- Problem to work on -
In the data below, find the line with "A1 bij Deventer weer vrij na ongeluk." and the line with "pancreatitis Gulsot (intrahepatisk", then restate both and every line between them exactly, minus the pictures.

- Source data -
• • • •
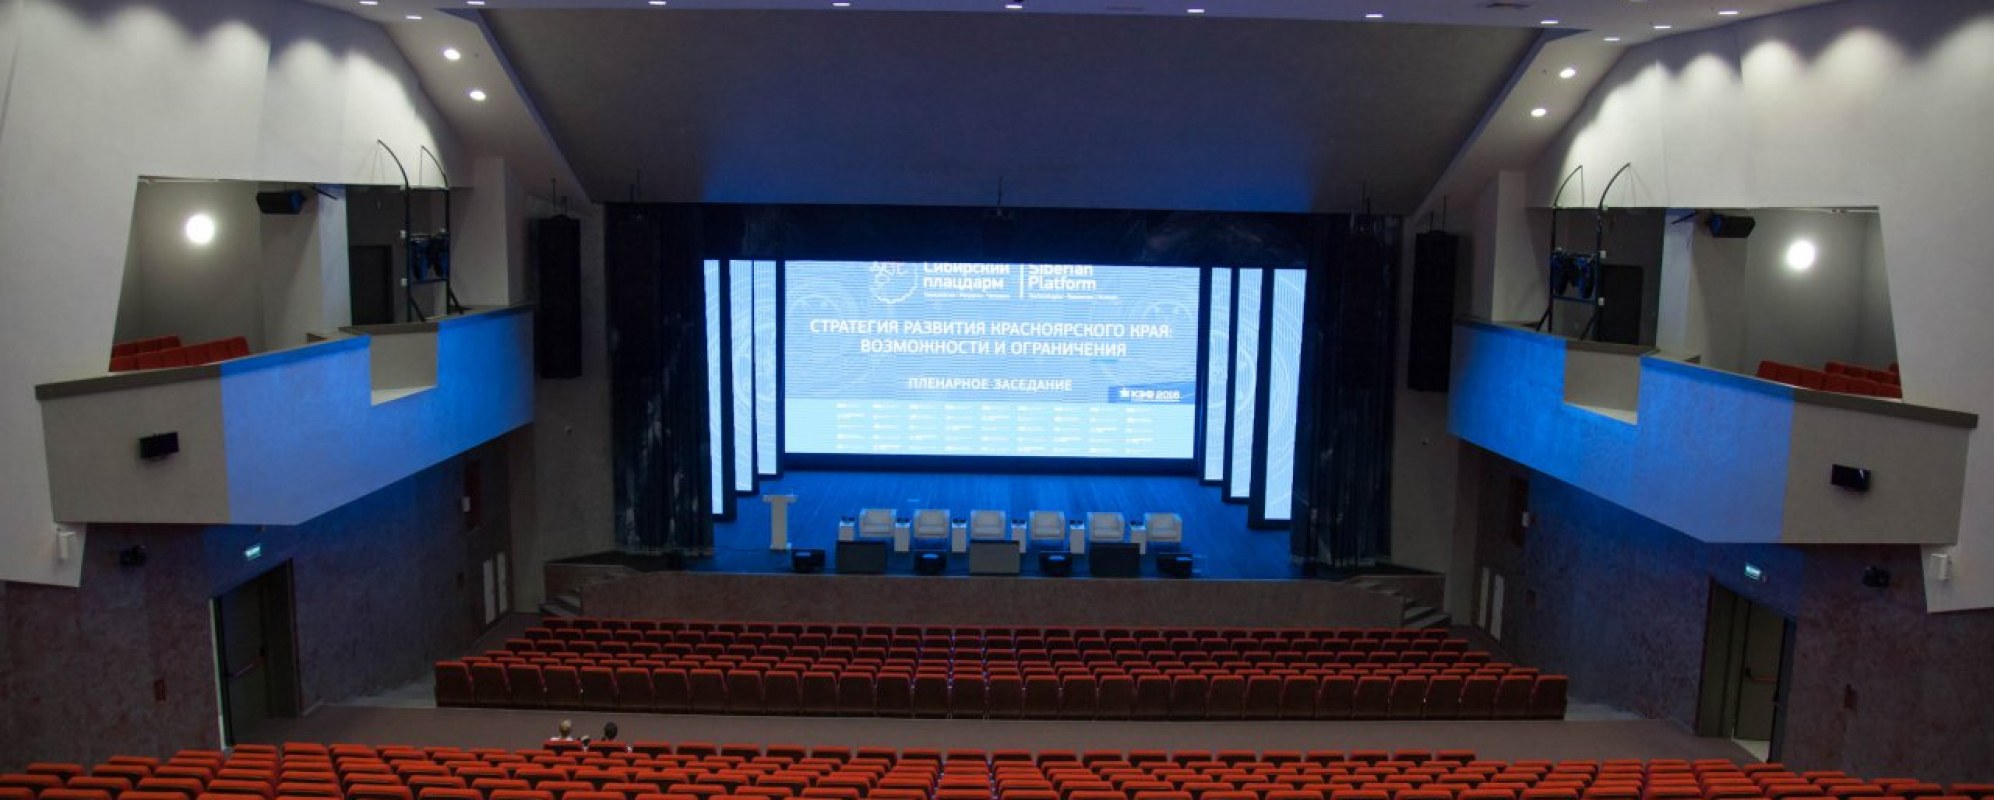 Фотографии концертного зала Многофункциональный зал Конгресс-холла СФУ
• • • •
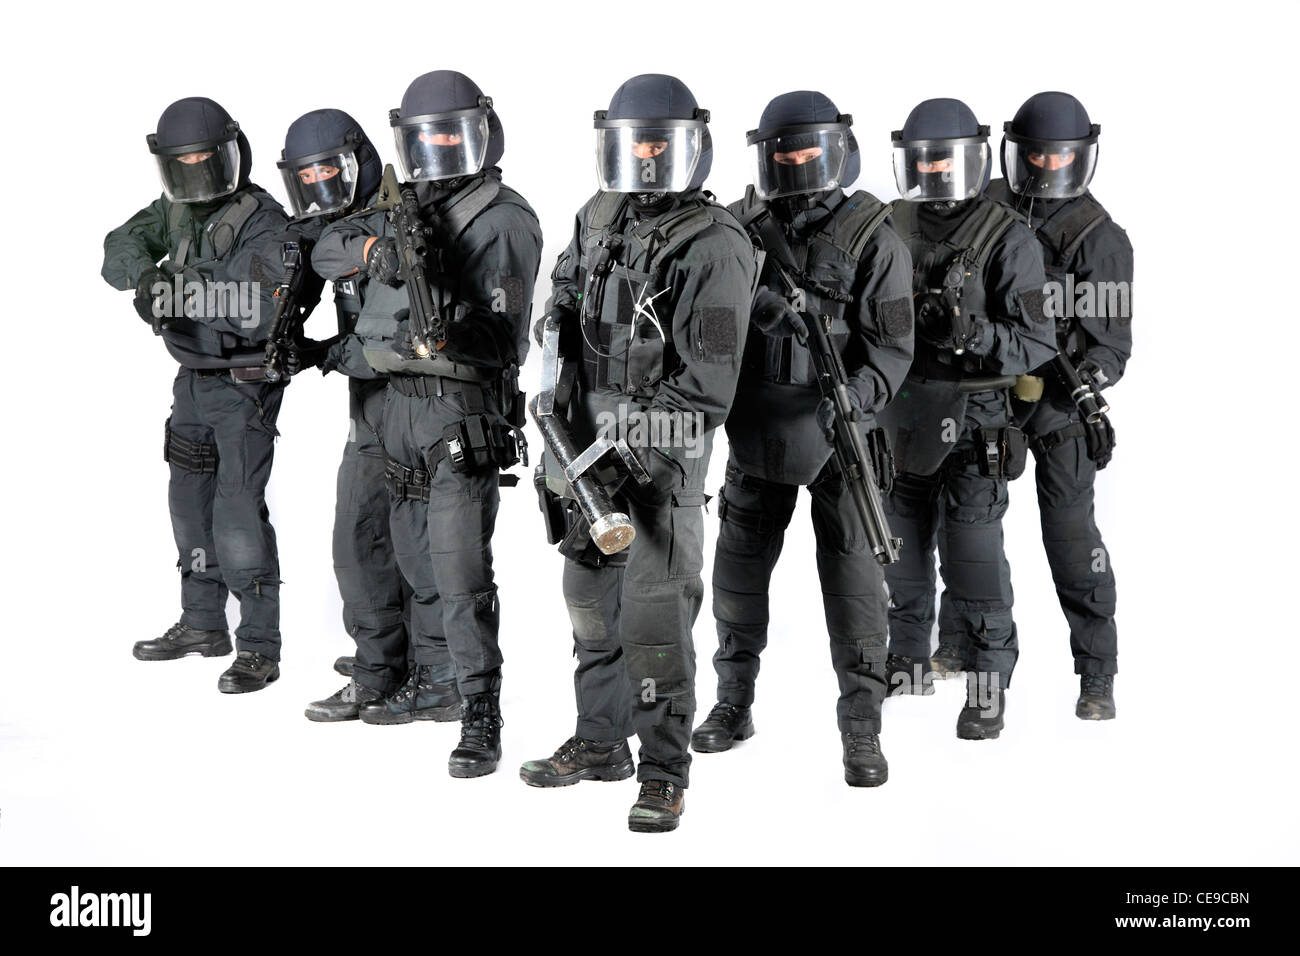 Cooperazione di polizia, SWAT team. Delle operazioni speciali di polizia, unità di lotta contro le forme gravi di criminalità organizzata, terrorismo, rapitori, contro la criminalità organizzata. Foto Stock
• • • •
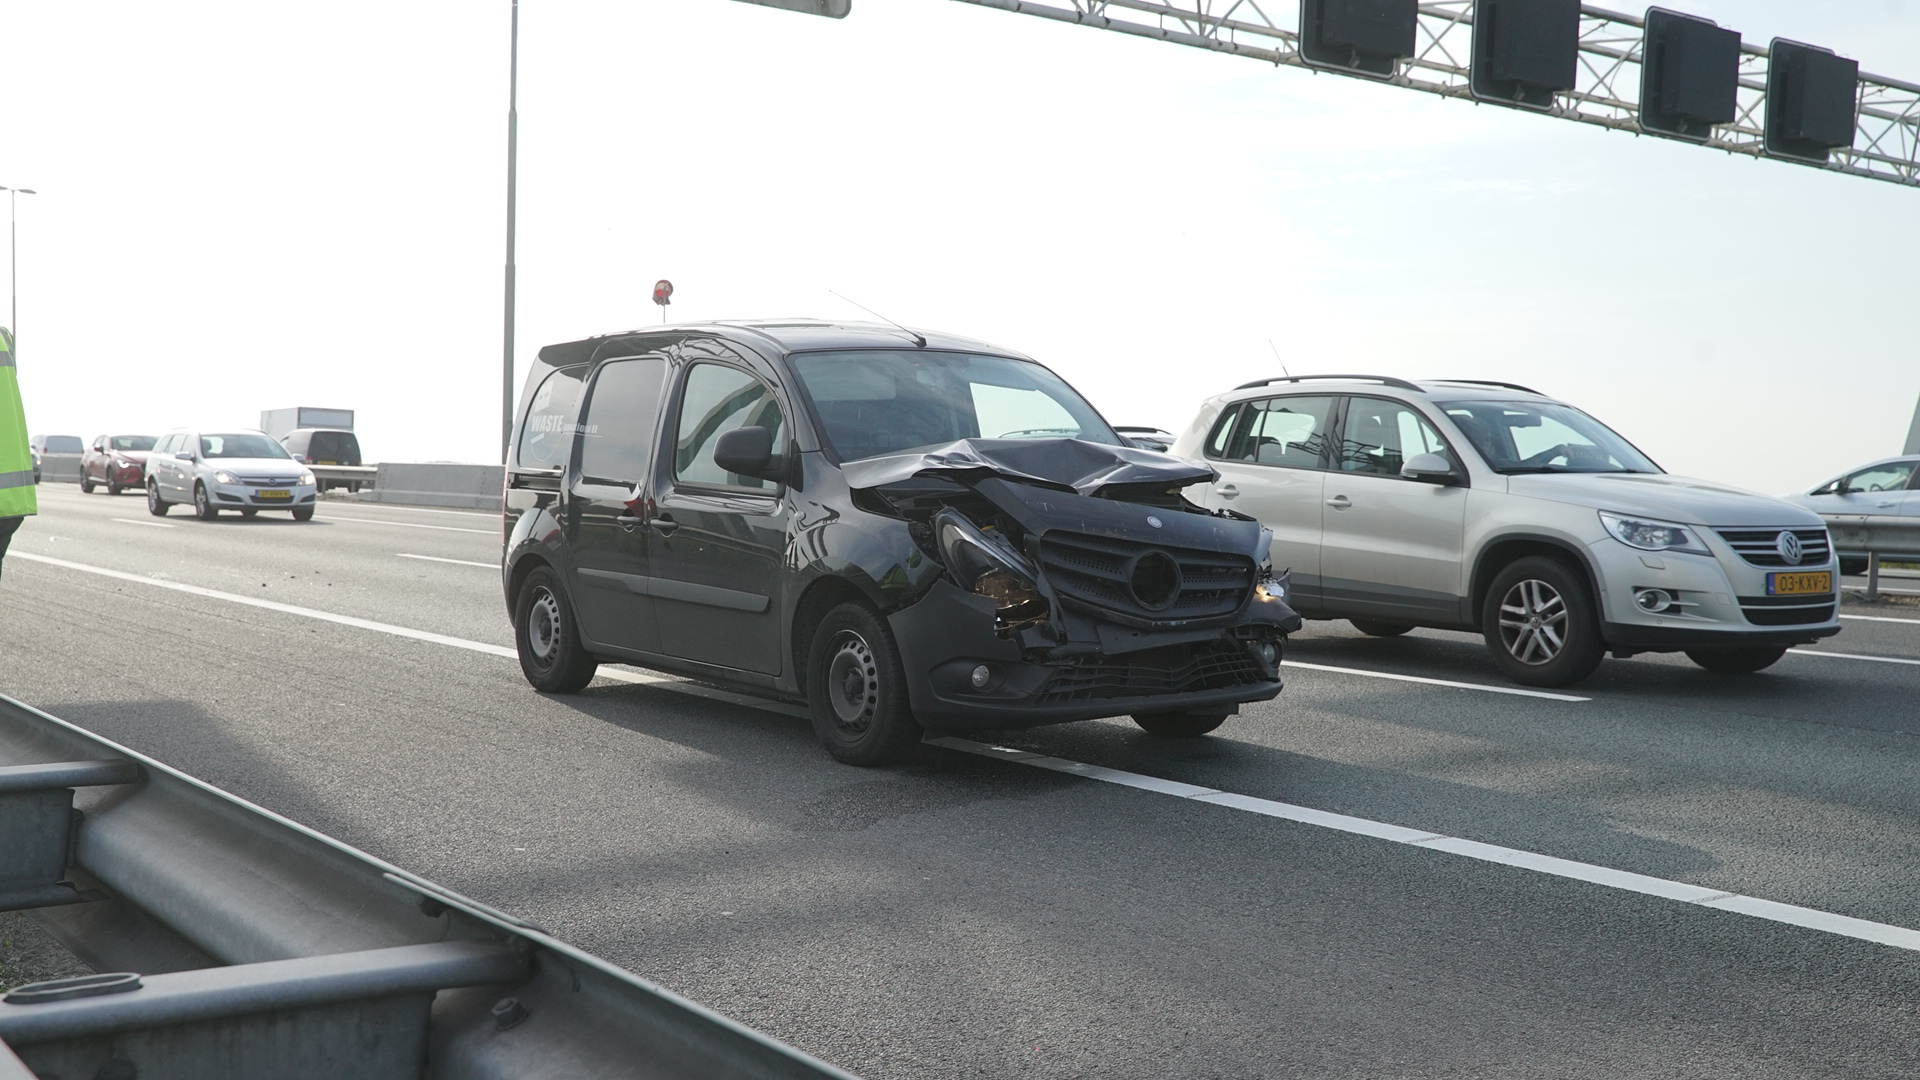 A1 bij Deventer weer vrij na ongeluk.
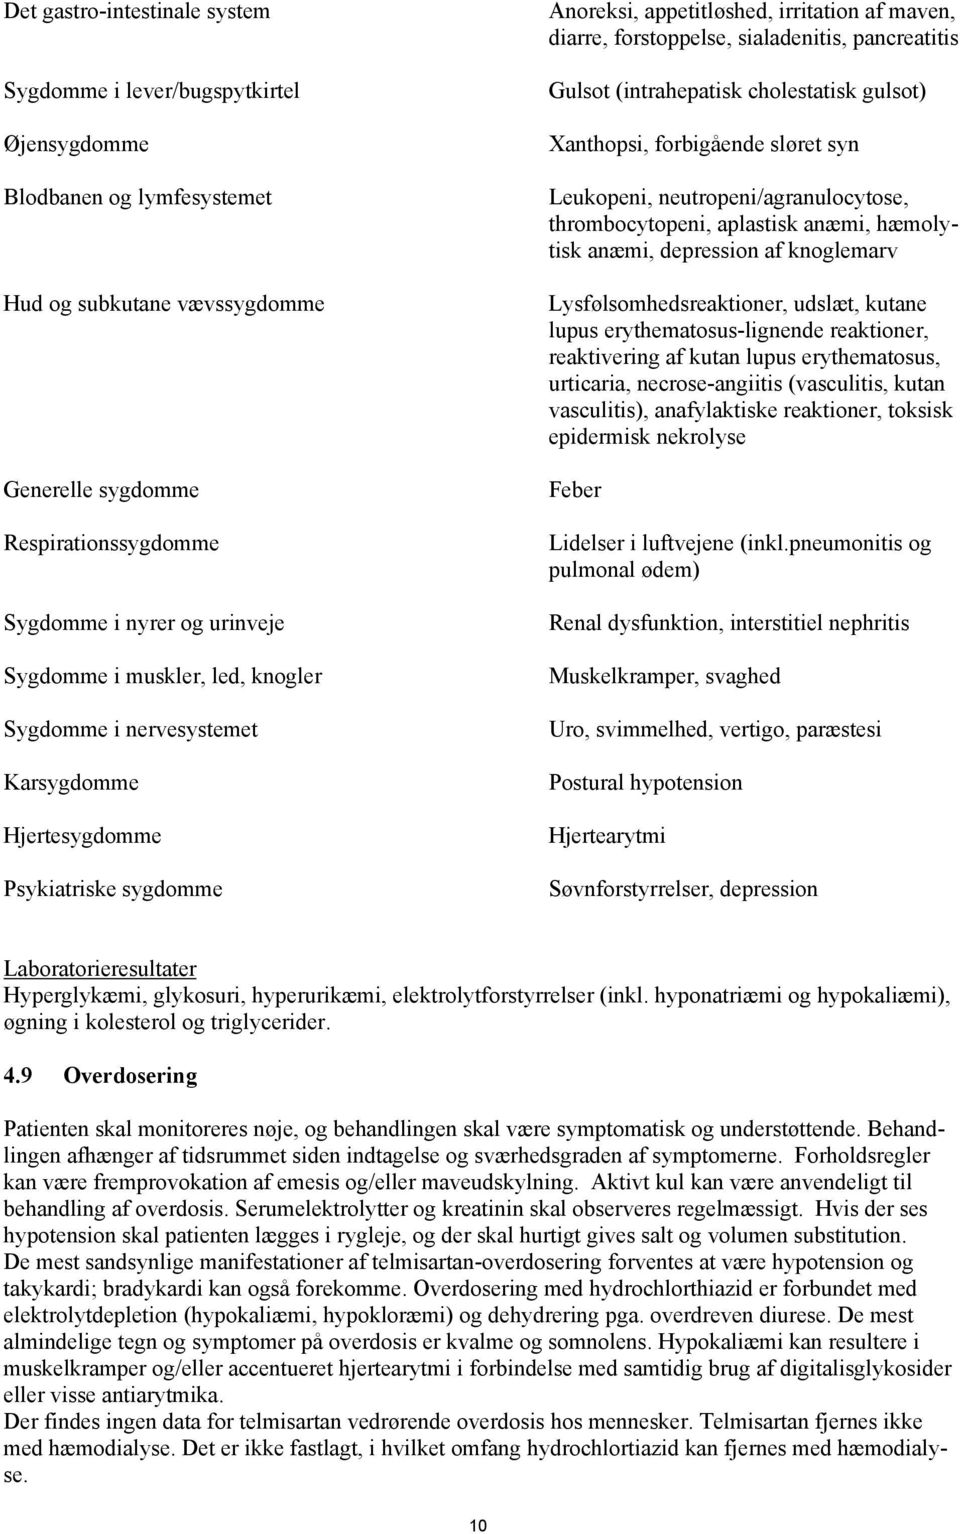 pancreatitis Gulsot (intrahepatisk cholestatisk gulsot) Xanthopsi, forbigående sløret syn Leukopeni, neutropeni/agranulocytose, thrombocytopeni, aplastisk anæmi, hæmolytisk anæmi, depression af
• • • •
- Response area -
 A1 bij Deventer weer vrij na ongeluk.
 pancreatitis Gulsot (intrahepatisk cholestatisk gulsot) Xanthopsi, forbigående sløret syn Leukopeni, neutropeni/agranulocytose, thrombocytopeni, aplastisk anæmi, hæmolytisk anæmi, depression af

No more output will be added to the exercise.